**EXERCISE REQUIREMENTS**
After locating the line that contains "Easy Chair by Hans J. Wegner", restate it and each later line word for word through the end of the records.

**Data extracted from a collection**
=-=-=-=-=

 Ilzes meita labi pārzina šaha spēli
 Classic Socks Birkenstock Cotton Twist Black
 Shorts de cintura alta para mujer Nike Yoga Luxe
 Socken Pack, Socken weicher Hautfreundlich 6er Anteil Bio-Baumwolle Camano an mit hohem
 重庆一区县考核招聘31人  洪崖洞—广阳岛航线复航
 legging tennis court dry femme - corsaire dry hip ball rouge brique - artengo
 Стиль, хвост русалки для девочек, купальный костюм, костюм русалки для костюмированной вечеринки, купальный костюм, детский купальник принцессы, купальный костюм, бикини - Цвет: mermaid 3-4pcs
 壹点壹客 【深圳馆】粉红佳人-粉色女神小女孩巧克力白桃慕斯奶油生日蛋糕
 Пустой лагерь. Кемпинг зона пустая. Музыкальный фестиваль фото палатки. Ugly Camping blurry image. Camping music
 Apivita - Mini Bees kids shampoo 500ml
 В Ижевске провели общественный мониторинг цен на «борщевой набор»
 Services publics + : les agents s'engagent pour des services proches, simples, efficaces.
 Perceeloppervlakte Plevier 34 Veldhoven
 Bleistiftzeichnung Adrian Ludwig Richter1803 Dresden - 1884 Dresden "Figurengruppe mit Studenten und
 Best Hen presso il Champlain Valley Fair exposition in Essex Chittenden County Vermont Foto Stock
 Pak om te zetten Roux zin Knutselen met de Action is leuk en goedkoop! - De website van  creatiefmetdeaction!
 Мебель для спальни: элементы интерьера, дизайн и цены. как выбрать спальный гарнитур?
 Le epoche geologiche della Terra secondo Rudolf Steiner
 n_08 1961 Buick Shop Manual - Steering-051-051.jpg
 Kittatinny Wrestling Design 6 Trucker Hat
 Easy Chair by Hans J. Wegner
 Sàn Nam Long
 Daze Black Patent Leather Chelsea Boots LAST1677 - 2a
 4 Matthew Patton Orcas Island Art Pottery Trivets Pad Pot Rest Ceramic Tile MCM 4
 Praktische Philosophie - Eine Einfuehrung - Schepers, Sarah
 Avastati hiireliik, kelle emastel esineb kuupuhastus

=-=-=-=-=

**EXERCISE SOLUTION**
 Easy Chair by Hans J. Wegner
 Sàn Nam Long
 Daze Black Patent Leather Chelsea Boots LAST1677 - 2a
 4 Matthew Patton Orcas Island Art Pottery Trivets Pad Pot Rest Ceramic Tile MCM 4
 Praktische Philosophie - Eine Einfuehrung - Schepers, Sarah
 Avastati hiireliik, kelle emastel esineb kuupuhastus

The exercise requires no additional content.